« L’appel » des trois grands énergéticiens français dans le JDD de ce dimanche 26 juin 2022 est inquiétant. Car, disent-ils, la flambée des prix qui s’annonce « menace notre cohésion sociale et politique ». Qu’en termes policés ces choses-là sont dites !
C’est un avertissement sans frais que font, dans une tribune au Journal du Dimanche, les trois grands énergéticiens français : Catherine MacGregor, patronne d’Engie, Jean-Bernard Lévy, P-DG d’EDF et Patrick Pouyanné, P-DG de Total Énergies. Ils annoncent une prochaine flambée des prix de l’énergie et appellent les Français à s’habituer à la sobriété.
De plus en plus rare
Les raisons du marasme sont connues : la baisse des livraisons de gaz russe, les tensions sur le marché de l’électricité (24 des 56 réacteurs du parc nucléaire français sont en maintenance), ajoutées aux conditions climatiques et à la sècheresse qui viennent amputer la production hydraulique.

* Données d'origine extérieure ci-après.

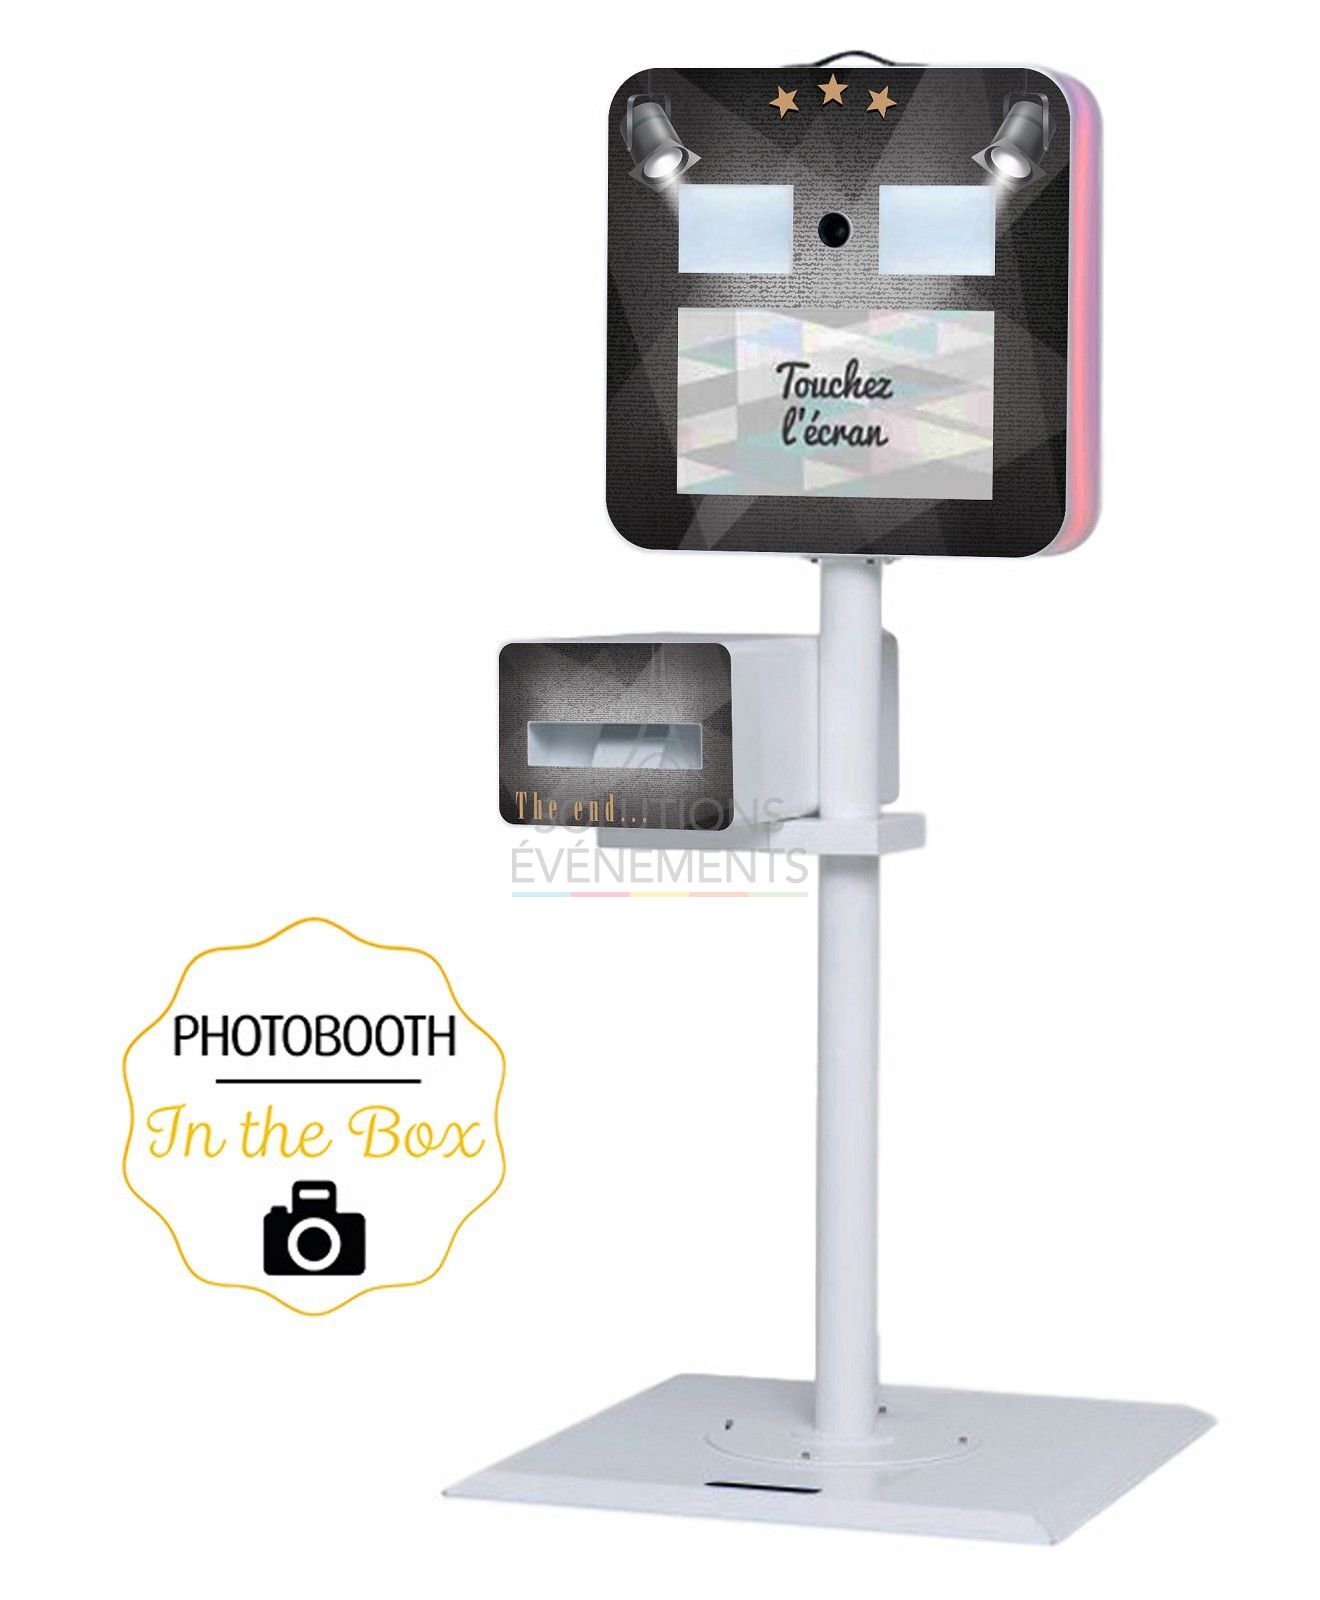 Photobooth rental - instant print selfie terminal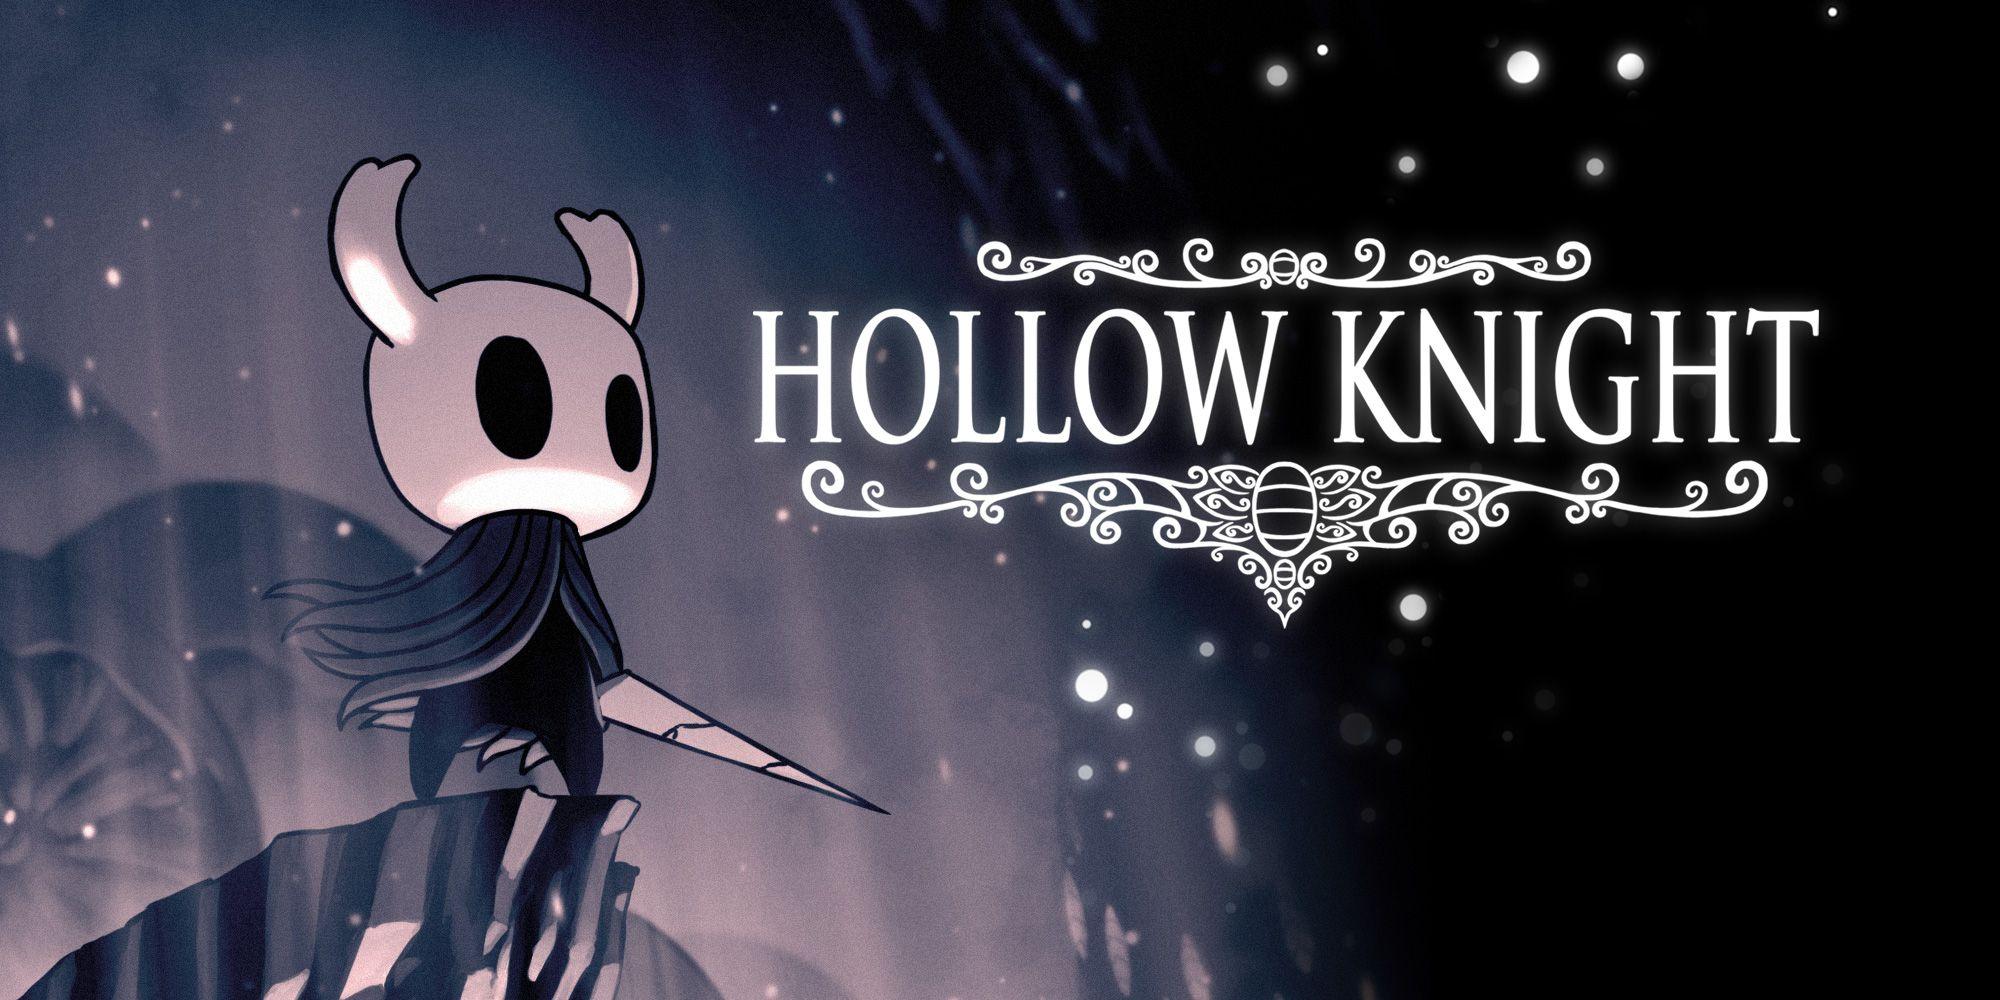 Hollow Knight HD Wallpaper 12 X 1000

L’énergie devient de plus en plus rare, donc de plus en plus chère. D’où les difficultés à venir. Les trois énergéticiens rappellent, sans plaisanter, que « la meilleure énergie, c’est celle que nous ne consommons pas ».
Le retour des Gilets jaunes
Au-delà de la boutade, la mise en garde est sérieuse. Car, plus que quiconque, les patrons français des trois principales énergies savent combien les augmentations du gaz, de l’électricité et des carburants vont peser sur l’économie en général et les ménages en particulier.
Au point de provoquer des émeutes et de mettre en péril « notre cohésion sociale ».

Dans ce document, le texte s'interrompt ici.